Advances in technologies and experiment design aided those discoveries. In the classic studies, animals highly trained on a task were rewarded if they performed correctly—conditions that produced a robust RPE signal. But experiments involving more complex environments and tasks began to tell a different story. Not only can dopamine neurons respond to visual and movement cues, such studies showed, but they can activate in response to threats, according to recordings from neurons in the tail of the striatum in a study from a different lab. These cells do not respond to reward, the team found; instead, they seem to implement reinforcement learning to help mice avoid threatening stimuli. Other researchers have found that dopamine neurons in this brain region respond to “action prediction errors,” which helps support movements that are not linked to threat or reward.

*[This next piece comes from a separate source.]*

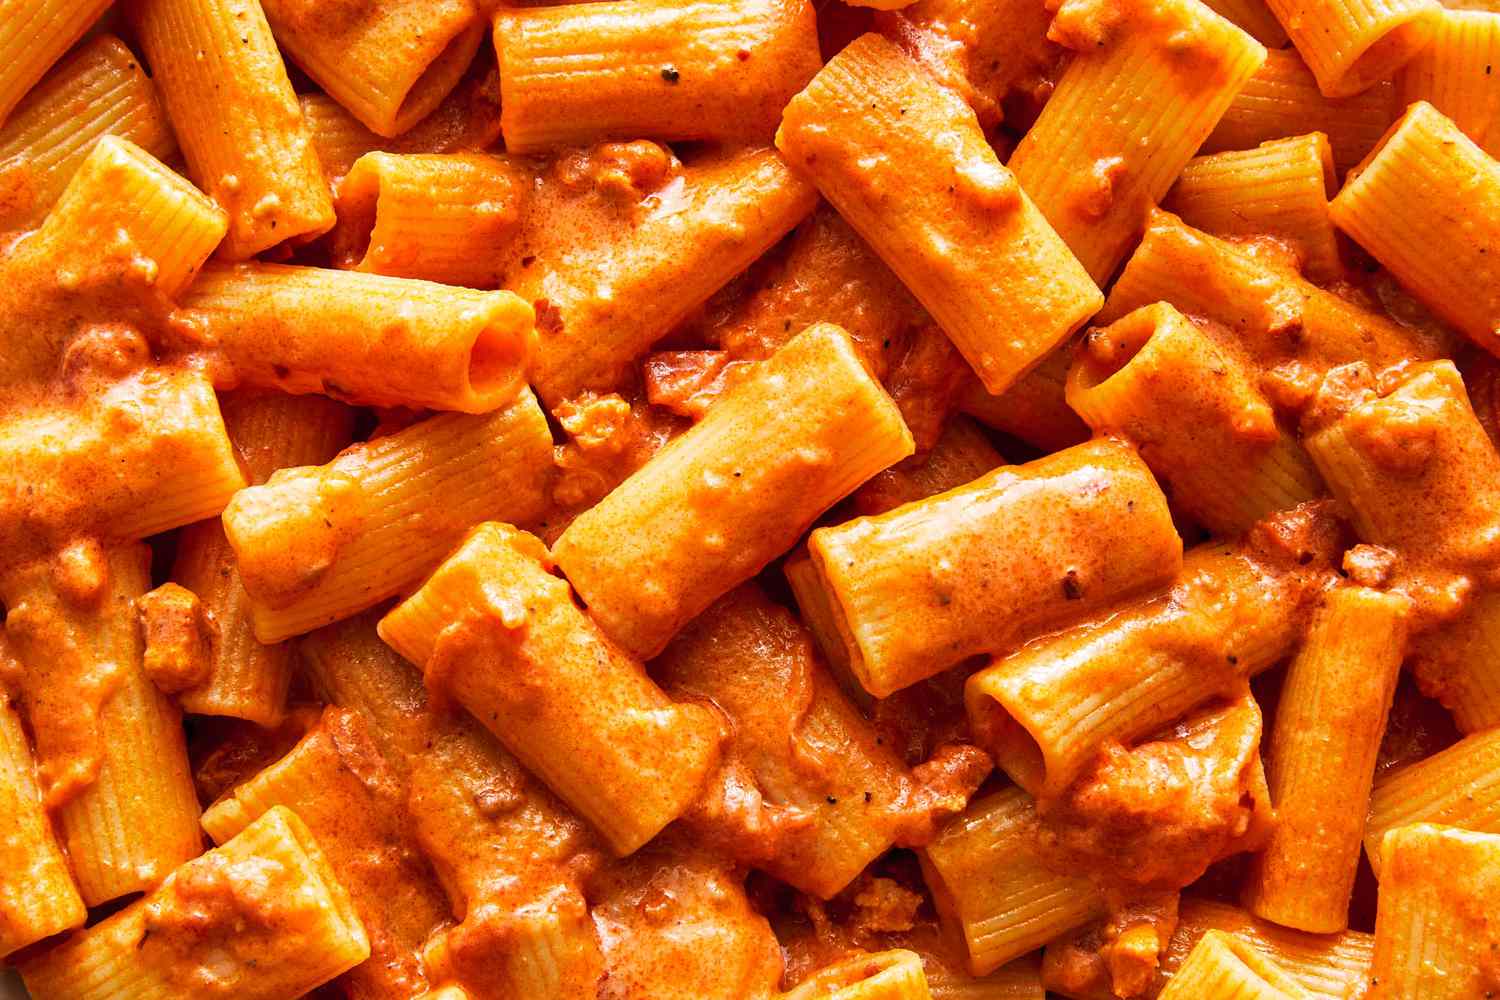 Does Vodka Sauce Have Gluten? [Answered!]
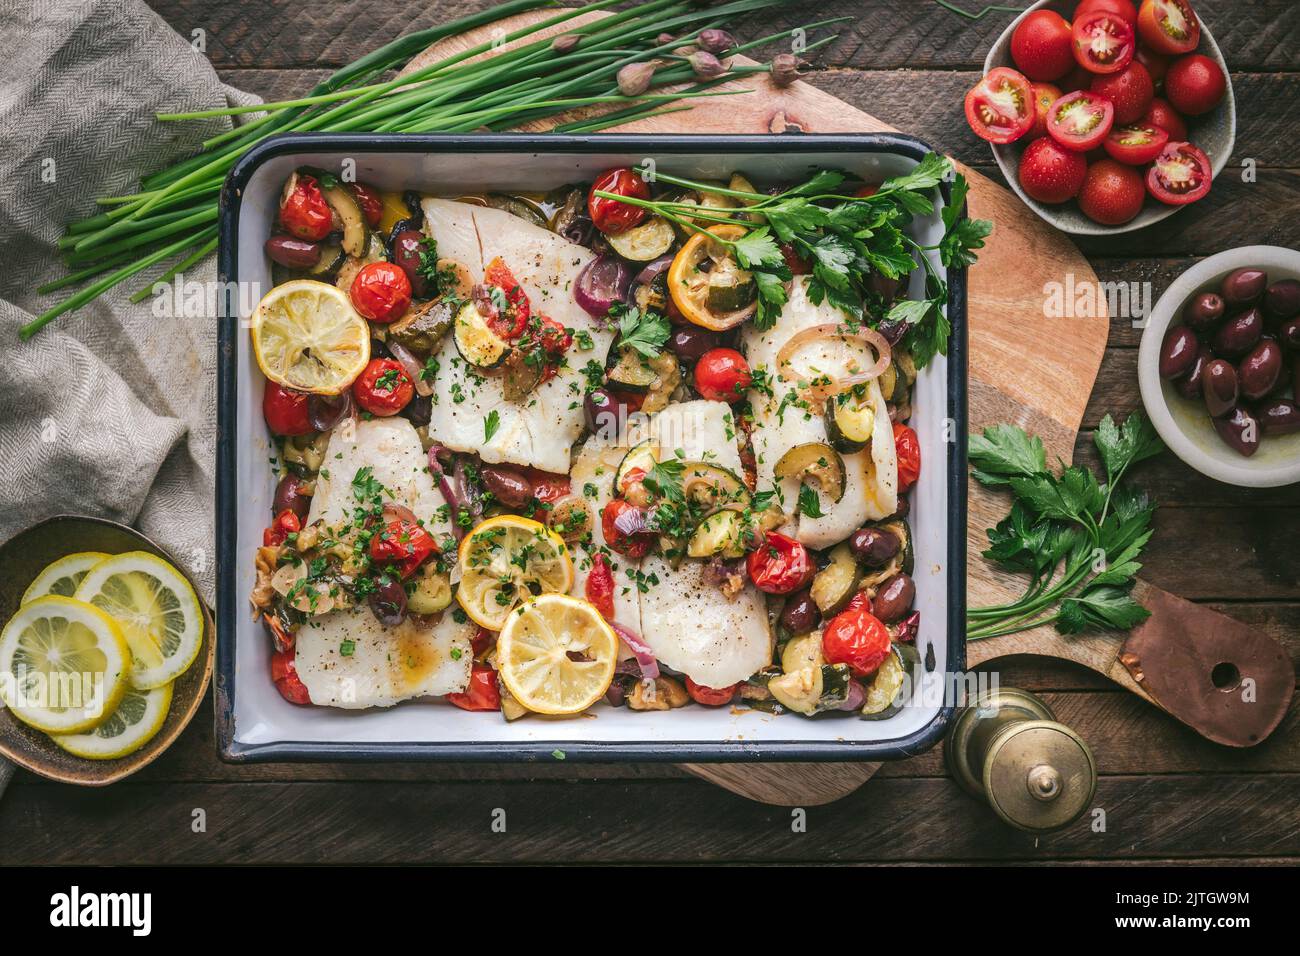 Roasted Fish Filets in enamel baking dish with tomatoes, courgette, olives and lemon Stock Photo

To reconcile that heterogeneity, some researchers propose that the dopamine system tackles each of these modalities independently. But no one dopamine neuron receives inputs from the entire brain, or information about all of the features of the world, Daw and his colleagues point out in their new paper. The adjustments they made to the RPE model lay out how individual dopamine neurons can be biased toward specific types of stimuli—such as threats or actions—yet still have the potential for a general RPE response: The input to each cell is limited, and so each cell is specialized in what it responds to. The activity of those cells as a population can then produce a full prediction error signal, the team suggests.